In the material below, find the line containing "弦を使ったインスピレーションあふれるピアの再生済みの波形" and the line containing "cozinha móveis para", then reproduce exactly both of them and every line between, and nothing else.

### SOURCE INFORMATION
BEGIN
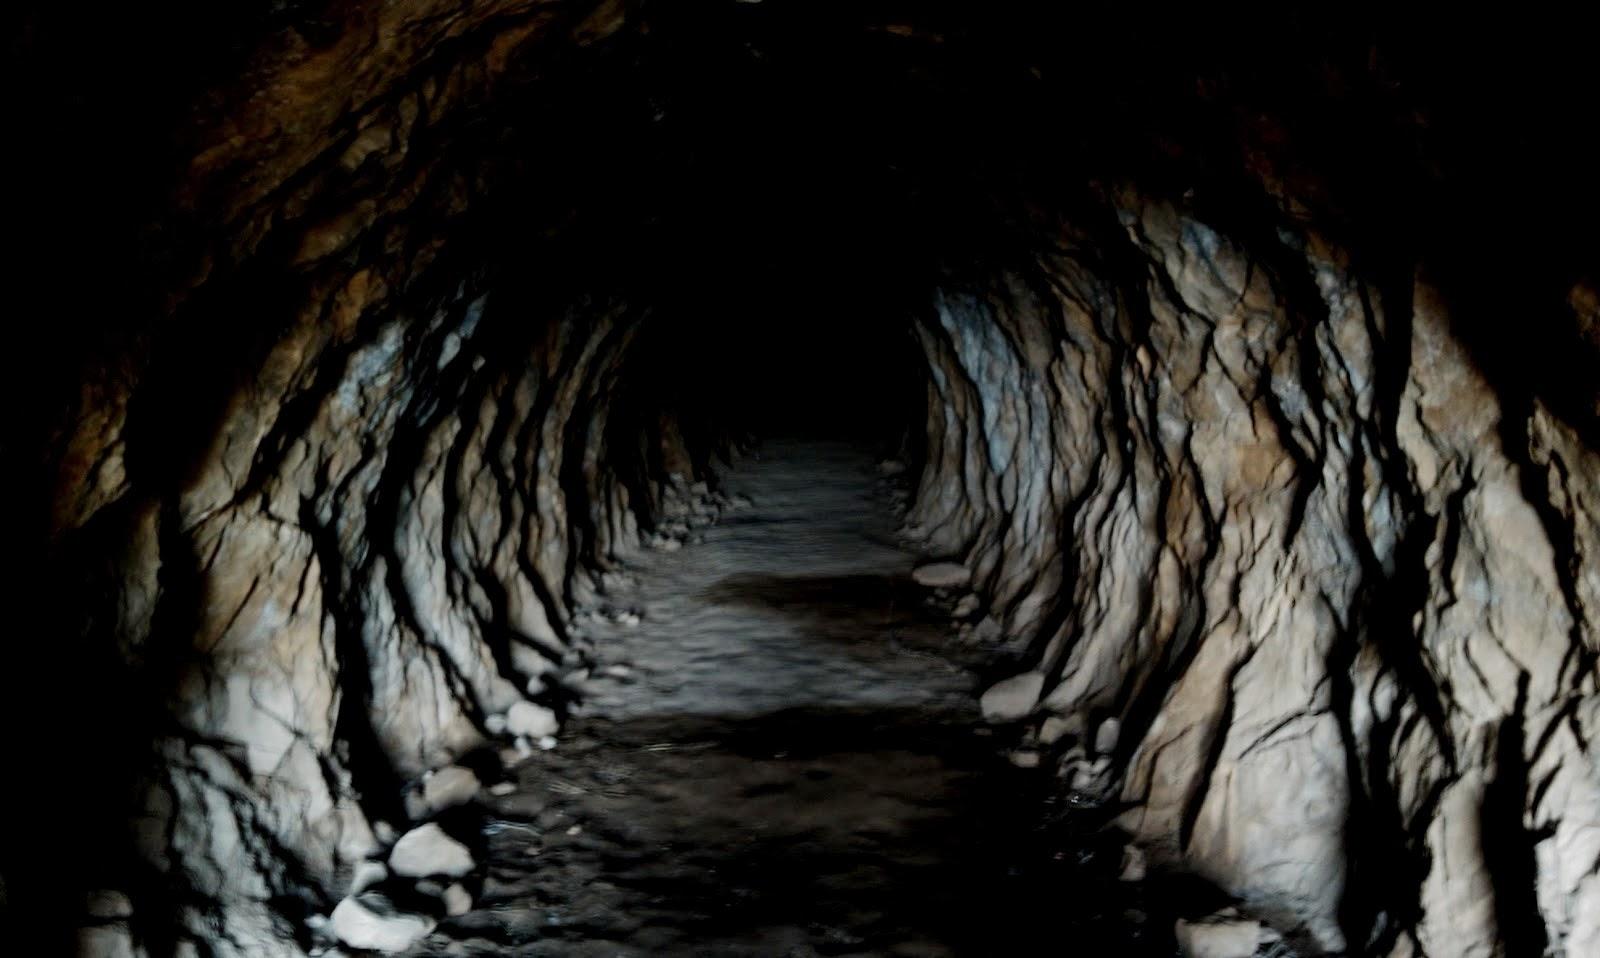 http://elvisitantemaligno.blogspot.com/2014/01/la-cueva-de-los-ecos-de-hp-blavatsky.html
END
BEGIN
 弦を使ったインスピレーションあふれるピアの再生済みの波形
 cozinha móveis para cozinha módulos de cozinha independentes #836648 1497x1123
END
### WRITTEN ANSWER
 弦を使ったインスピレーションあふれるピアの再生済みの波形
 cozinha móveis para cozinha módulos de cozinha independentes #836648 1497x1123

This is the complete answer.